SentryVision is an advanced AI-powered security monitoring system that provides real-time weapon detection using YOLOv8m deep learning models. The system offers live camera streaming, intelligent threat detection, and comprehensive alert management through a modern web interface.
- 🎯 Advanced Threat Detection: Custom-trained YOLOv8m model with 47.08% mAP@0.5 for detecting knives, pistols, and long weapons
- 📹 Multi-Camera Support: Real-time streaming from multiple camera sources with DirectShow backend support
- ⚡ Intelligent Filtering: Per-class confidence thresholds to reduce false positives (phones/pens detected as knives)

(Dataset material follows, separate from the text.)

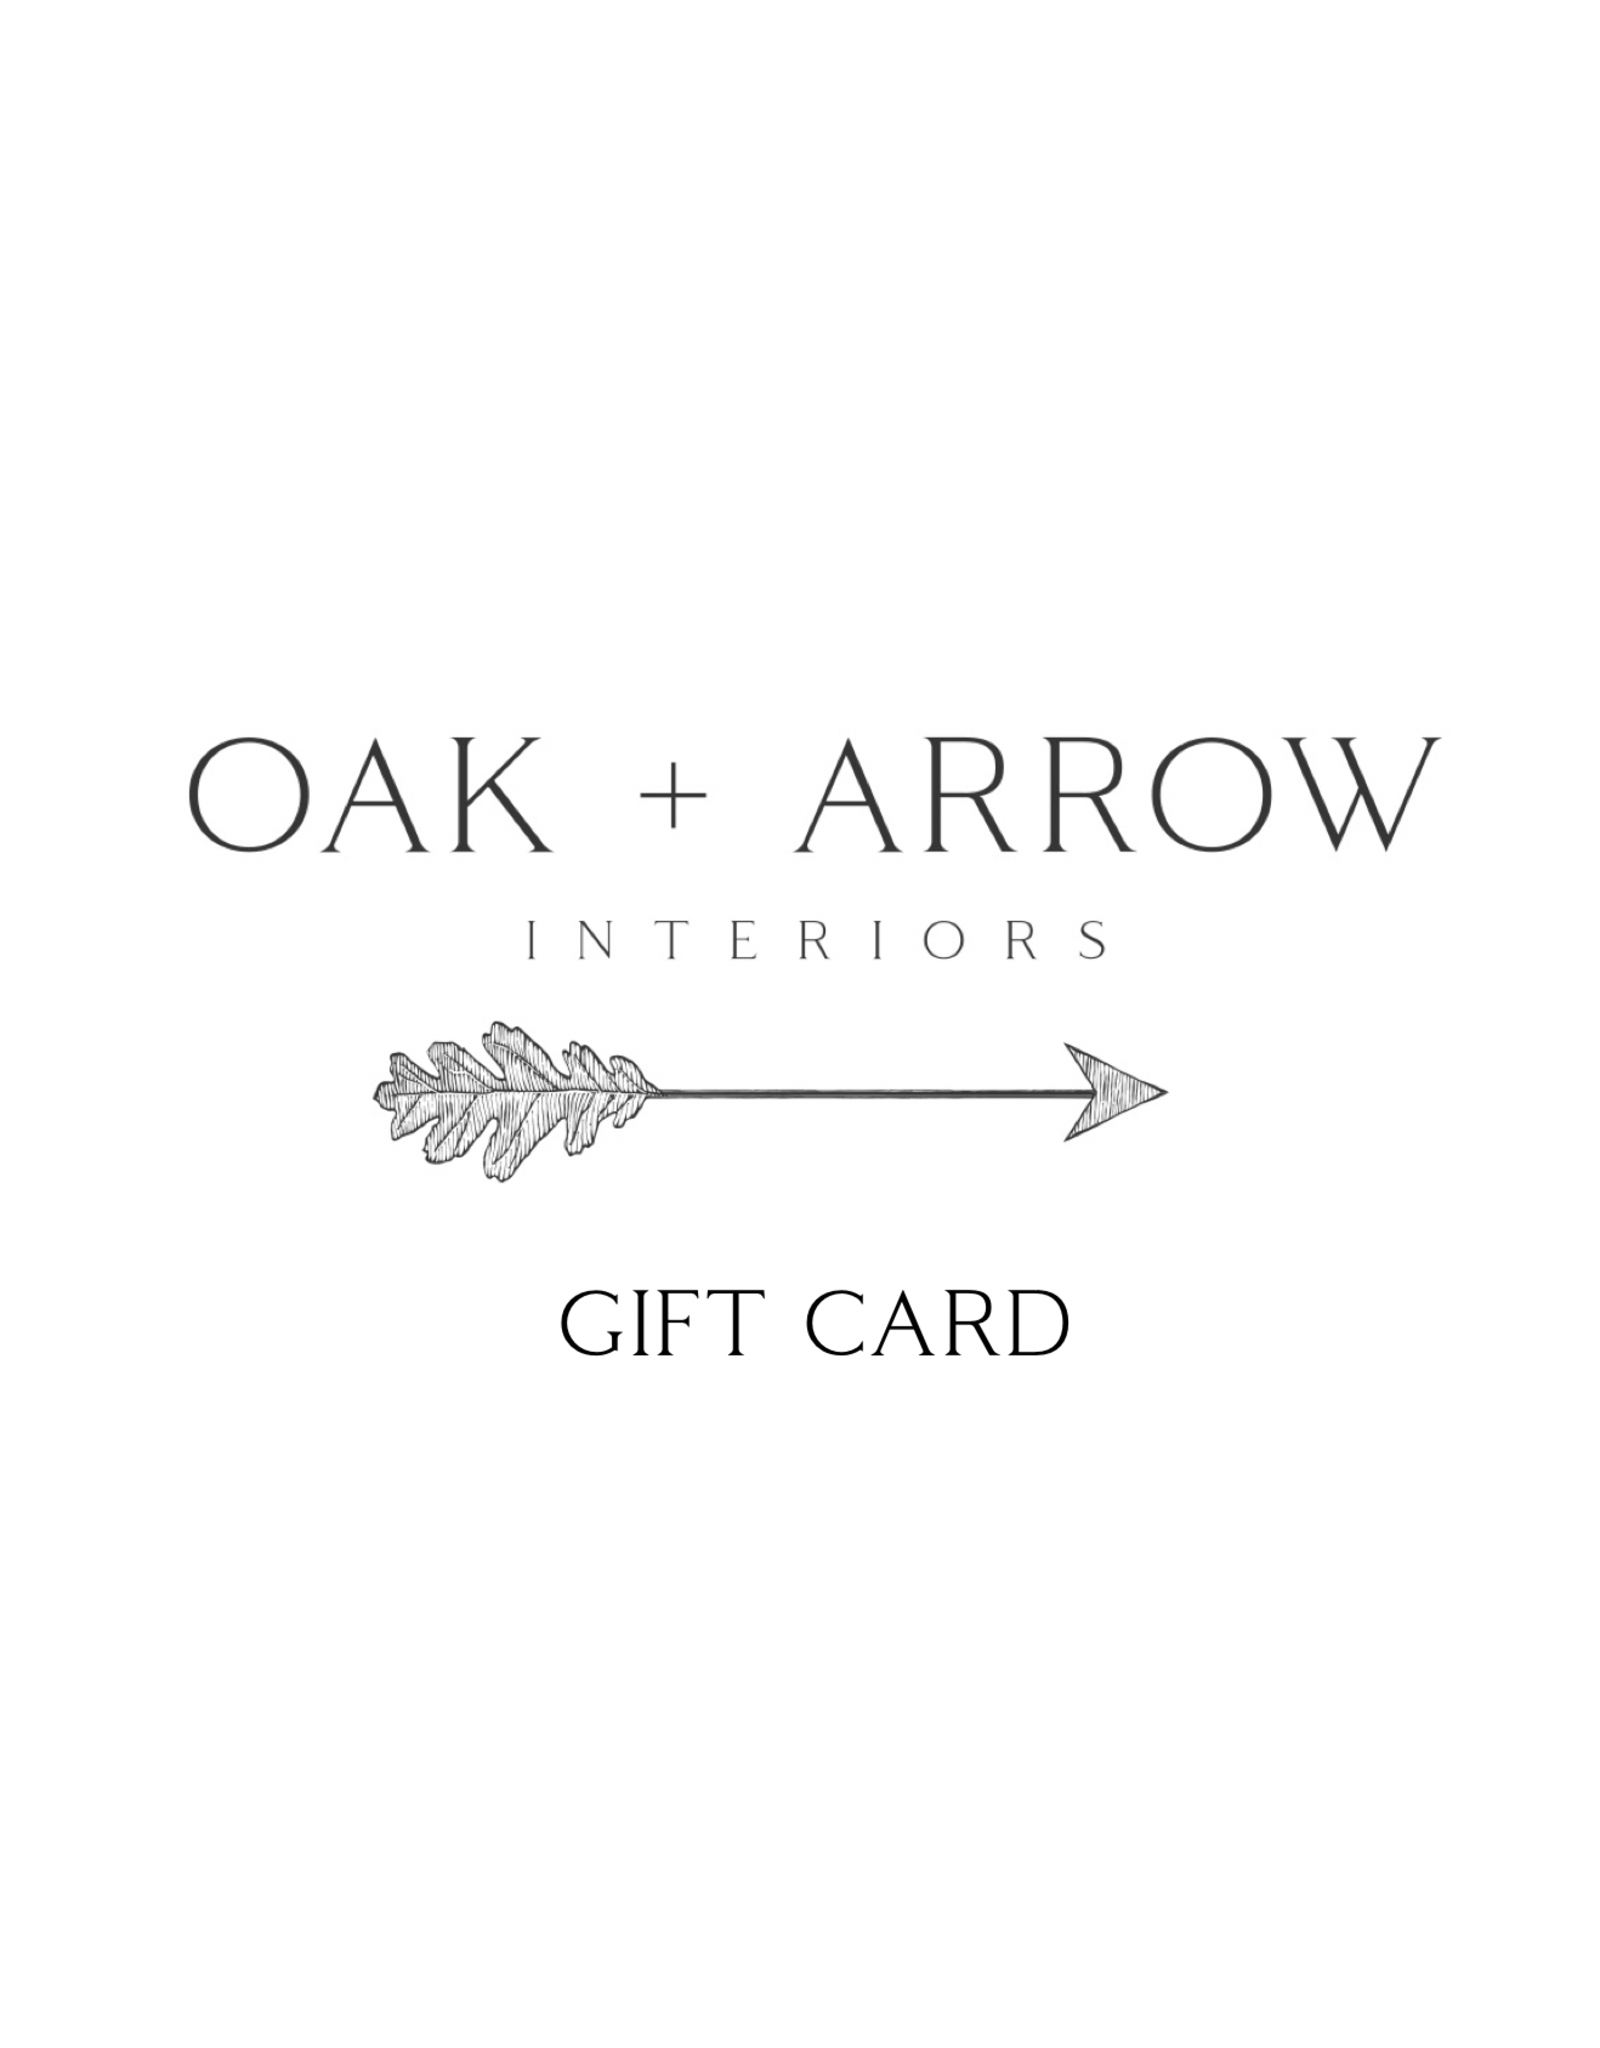 Oak + Arrow Interiors Gift Card $100

- 🔐 User Authentication: Secure login and registration system with Flask-Login
- 🚨 Real-Time Alerts: Instant notifications with detection snapshots and audio alerts
- 📱 Responsive Dashboard: Modern web interface optimized for desktop and mobile devices
- 🔧 GPU Acceleration: CUDA-optimized training and inference for RTX GPUs
- 📊 Performance Monitoring: Comprehensive model evaluation and training metrics
├── instance/ # SQLite database and other instance-specific files
├── static/ # Static files (CSS, JS, images, snapshots)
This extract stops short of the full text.